## Third assignment--CS252--Winter 2003

Date: March 6, 2003.
Due: March 13, 2003, 2:30pm.

 Question 1 Digital search trees. Let a binary input sequence x_1,...,x_n be given. Write an O(n) algorithm that constructs the digital search tree used in Lempel-Ziv compression. The tree should be stored in an array with each record/node having a parent pointer and a bit of the input sequence. You can use additional storage if necessary. Question 2 Algorithms and data structures. Given is a treap with search keys denoted by key[] and time stamps denoted by t[], with the minimal time stamp corresponding to the root. Assume that there are n nodes.

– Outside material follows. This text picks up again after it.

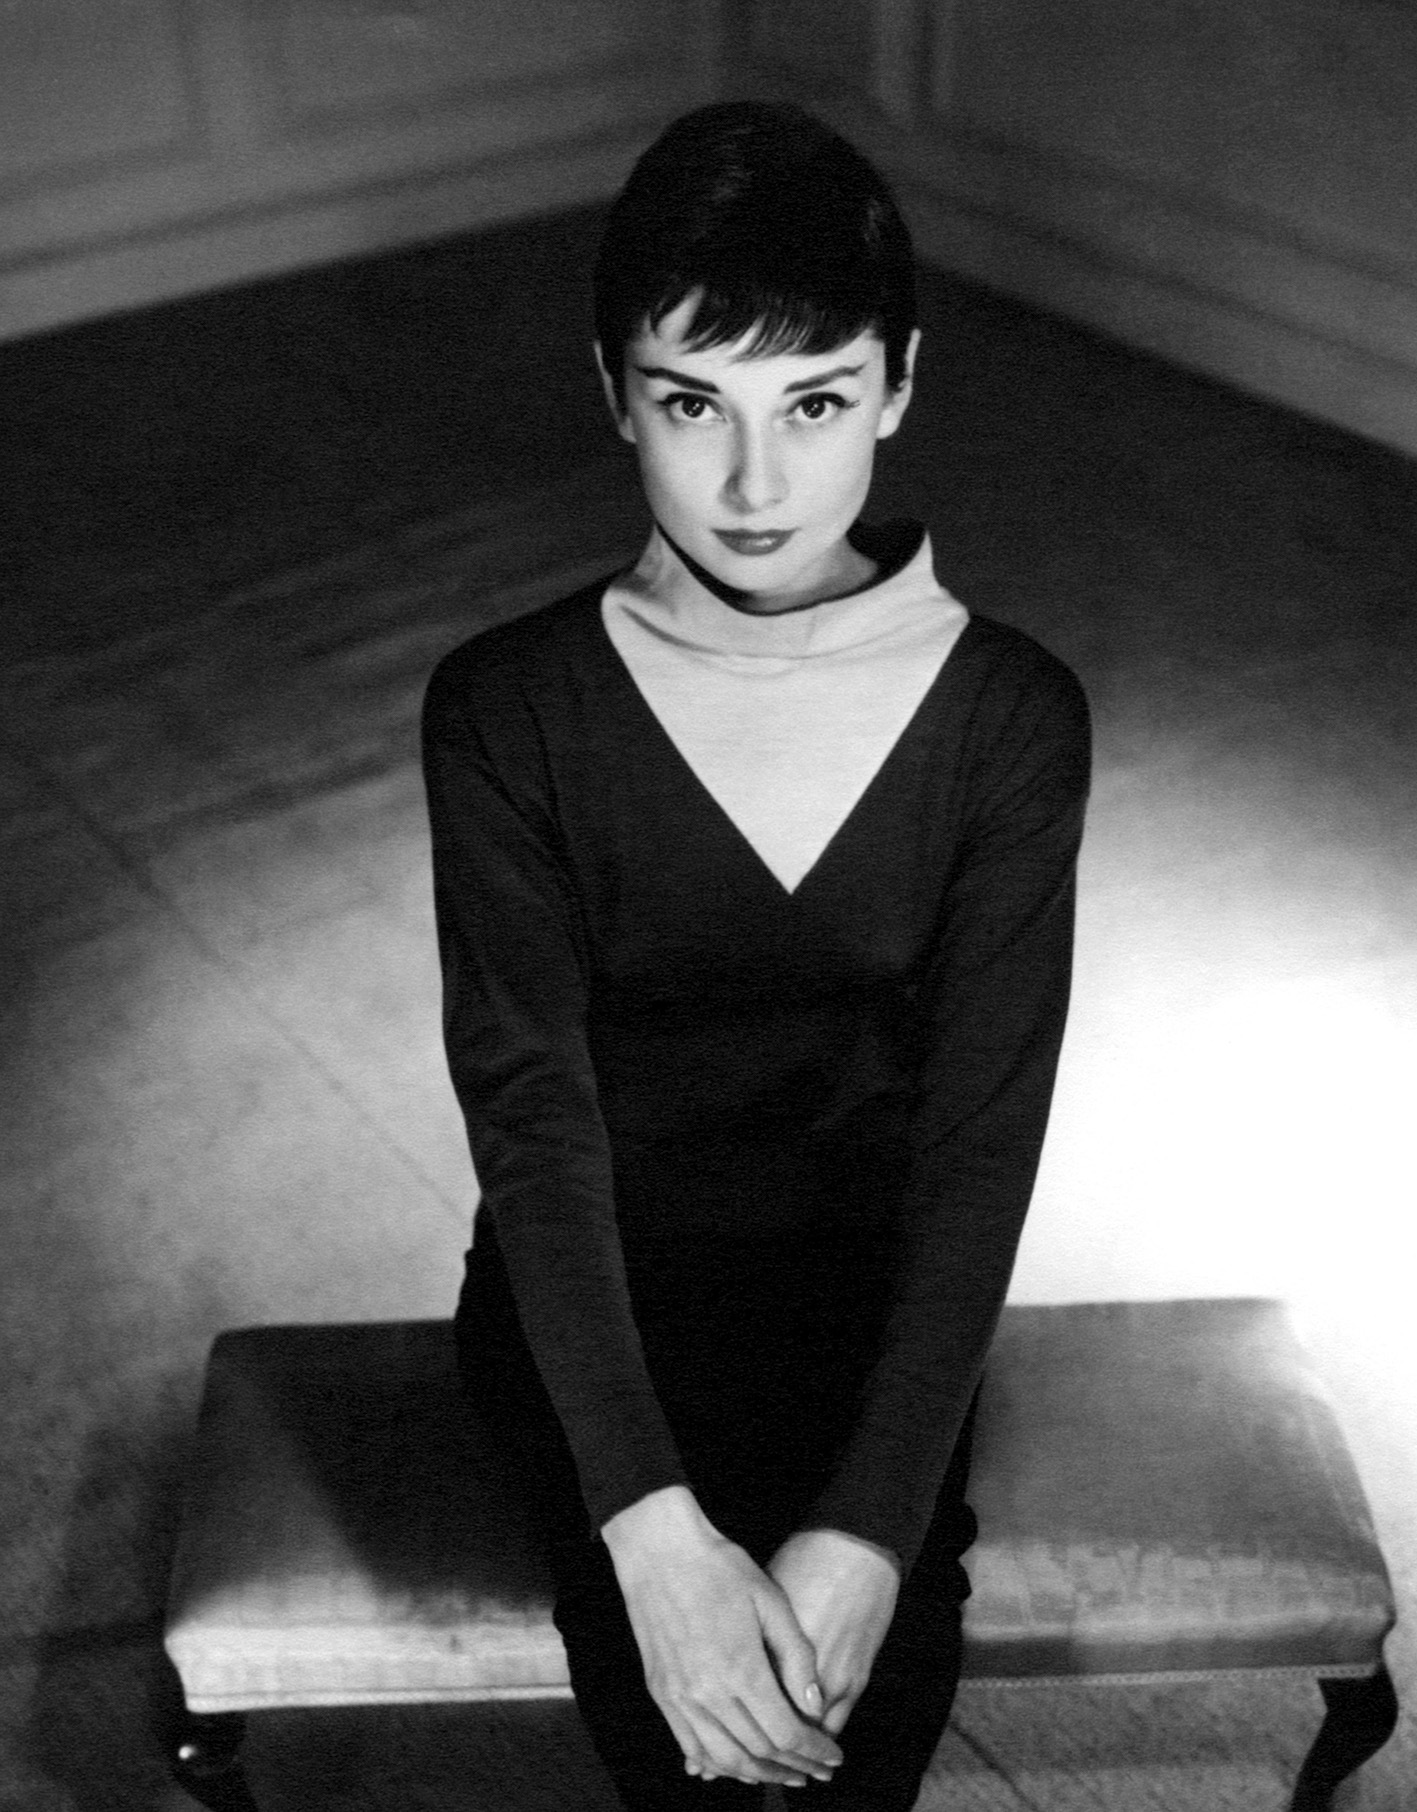 Audrey Hepburn by Antony Beauchamp, 1955 ©Reserved
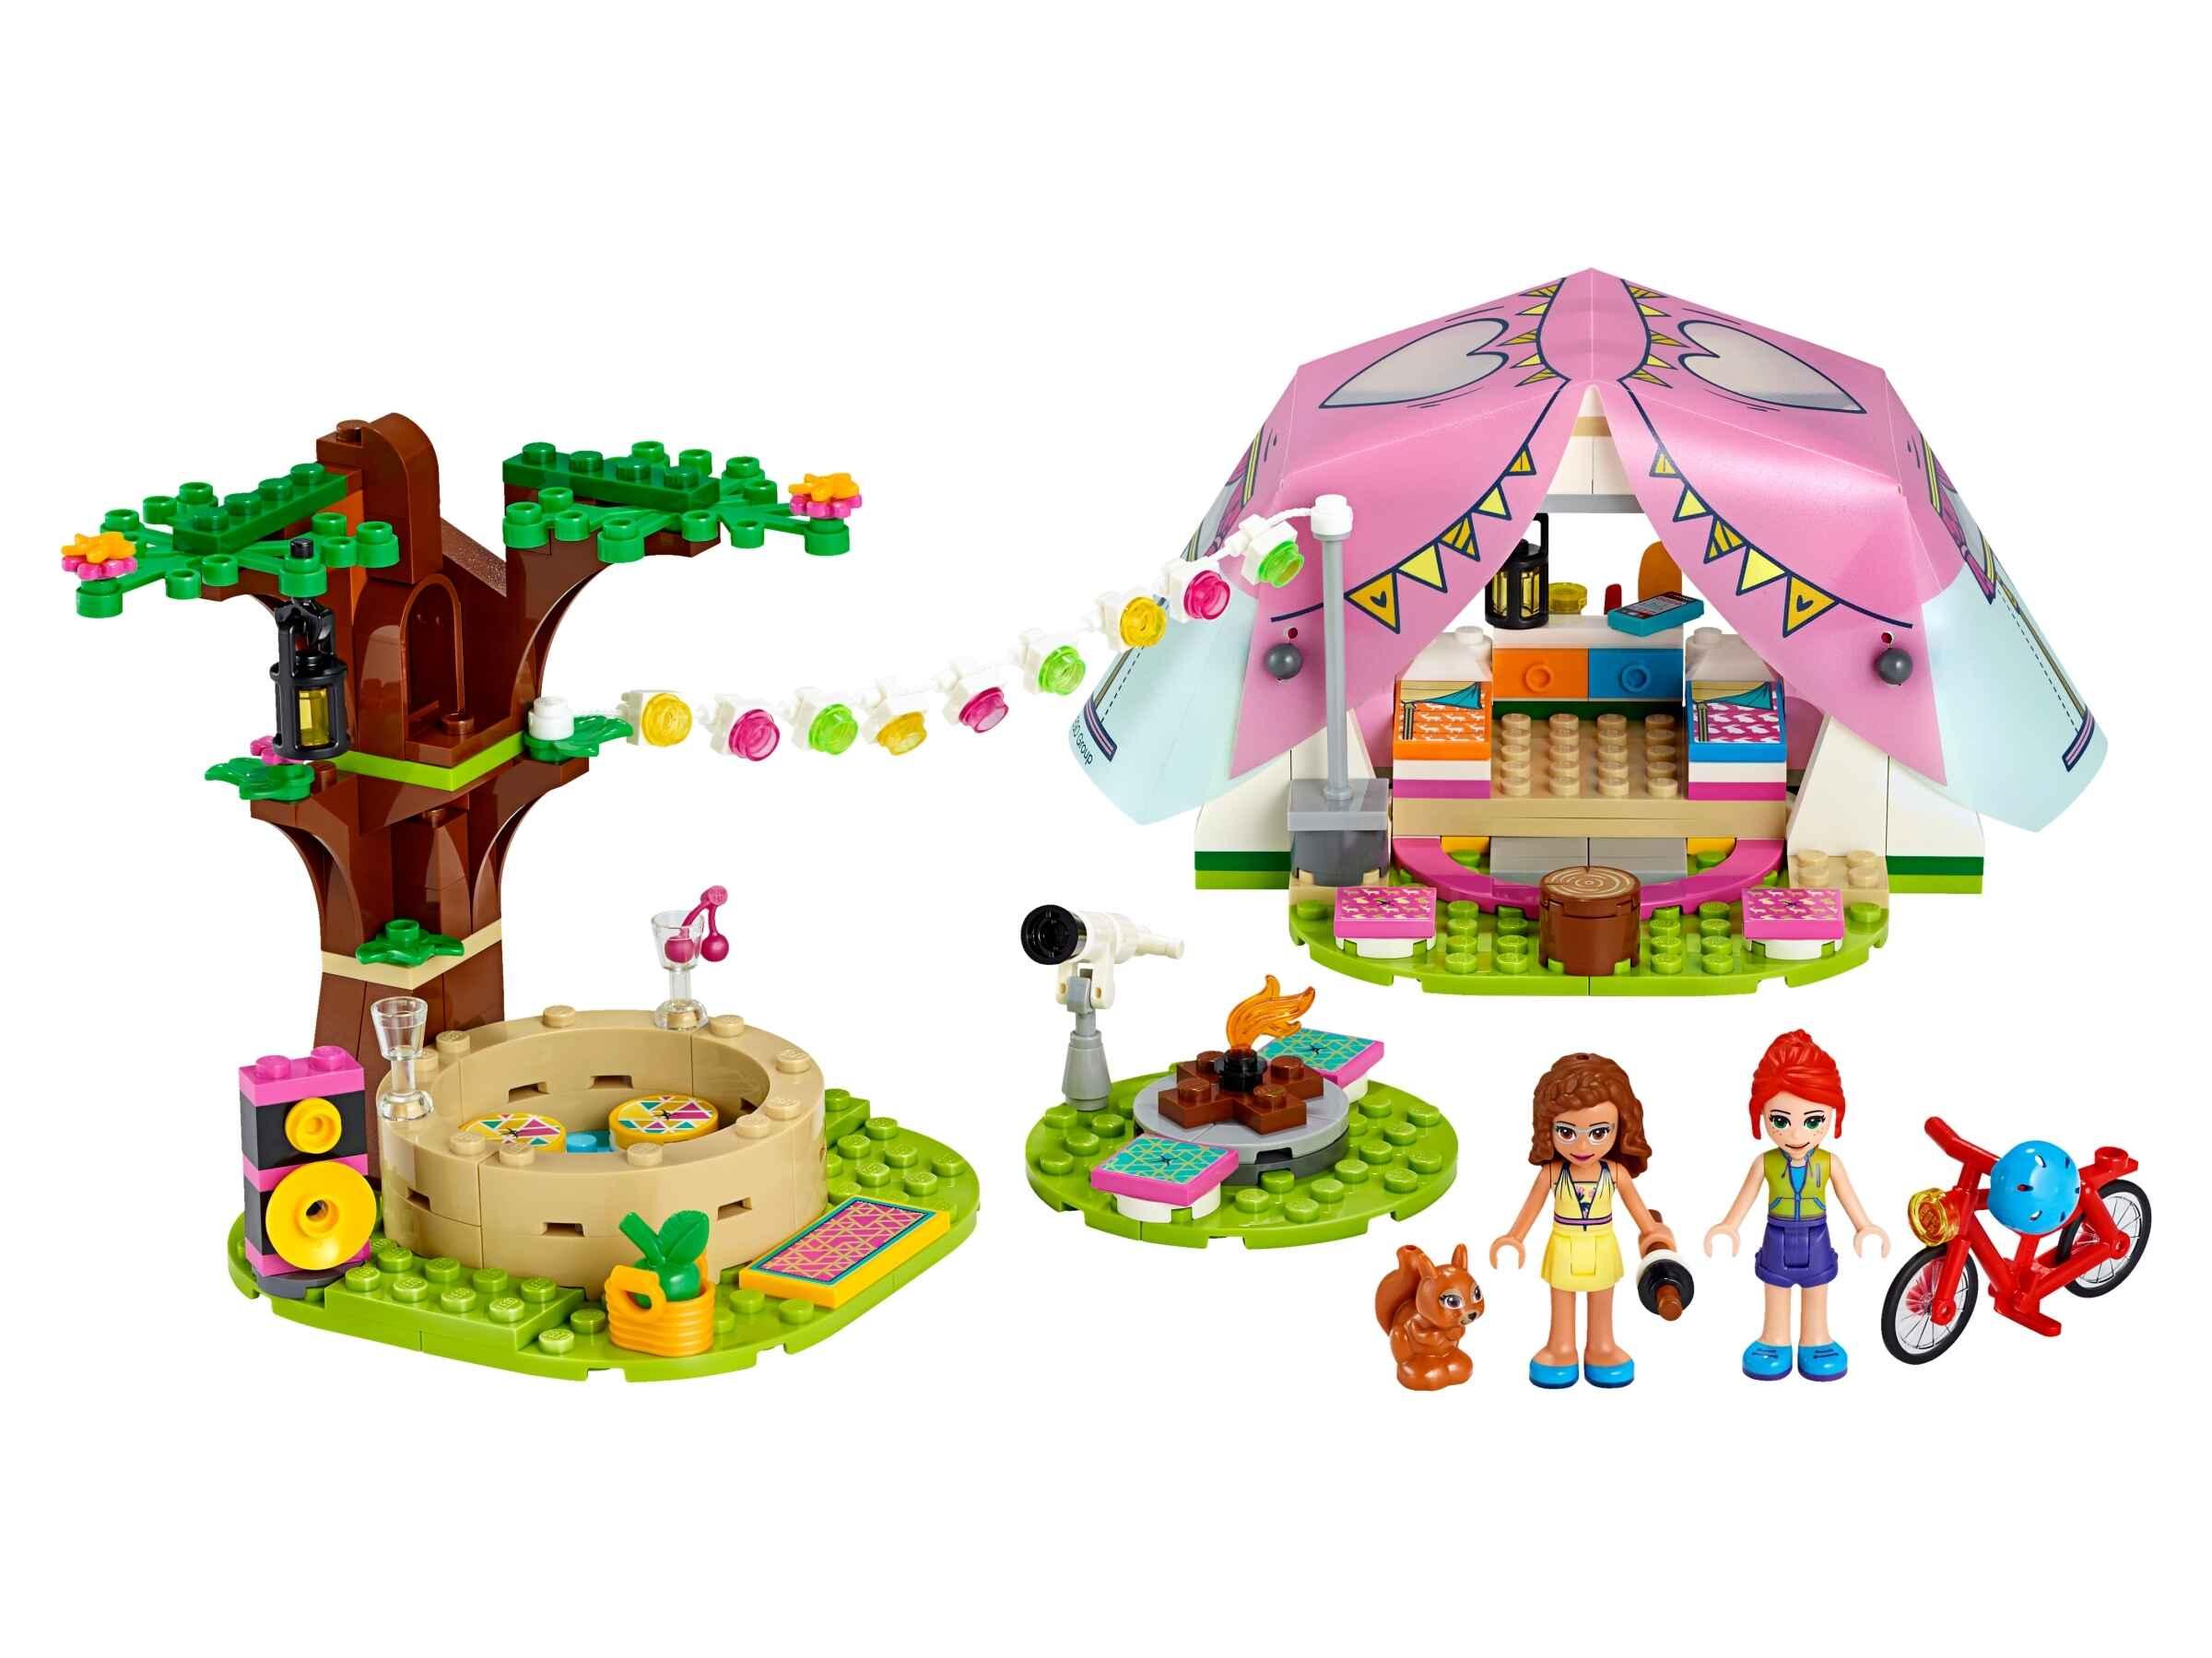 LEGO 41392 Friends Camping in Heartlake City Set, mit Figuren Olivia & Mia, Zelt

Consider the operation "report (k,T)", where k is an integer less than n and T is the treap, implemented in the standard manner: it outputs, without altering T, the k treap elements with the k smallest time stamps, in worst-case time O(k log k). Write the algorithm for "report (k,T)". Explain the worst-case time claim. Question 3 Merging sorted lists. Given are 10n arrays of varying sizes, each containing a sorted list. We would like to end up with only n sorted arrays (of arbitrary sizes!), while the only operation allowed is the standard merge of two sorted arrays. The cost of a merge of lists of sizes s and t is s+t. Describe an algorithm for this, and show that its total cost is bounded by a constant times N, where N is the total number of elements in all lists taken together. The constant should not depend upon n. Question 4 Algorithm analysis. A continuation of the midterm where we asked you to design an algorithm for sorting n elements (taking only k different values) in O(n log k) comparisons. One student suggested the use of mergesort, where we keep track of duplicates by associating with each element a counter. At the end of the mergesort, we have one array of k elements, and the sum of the counters is clearly n. A merge of lists of sizes s and t takes time s+t, but the resulting merged list may be smaller than s+t, as all keys are different at all times. The student did not show that this algorithm takes O(n log k) time, so I am asking you to show exactly that. There may be many possible solutions. You could, e.g., consider the time in each level of the recursion, upper bound it per level, and sum over all iteration levels.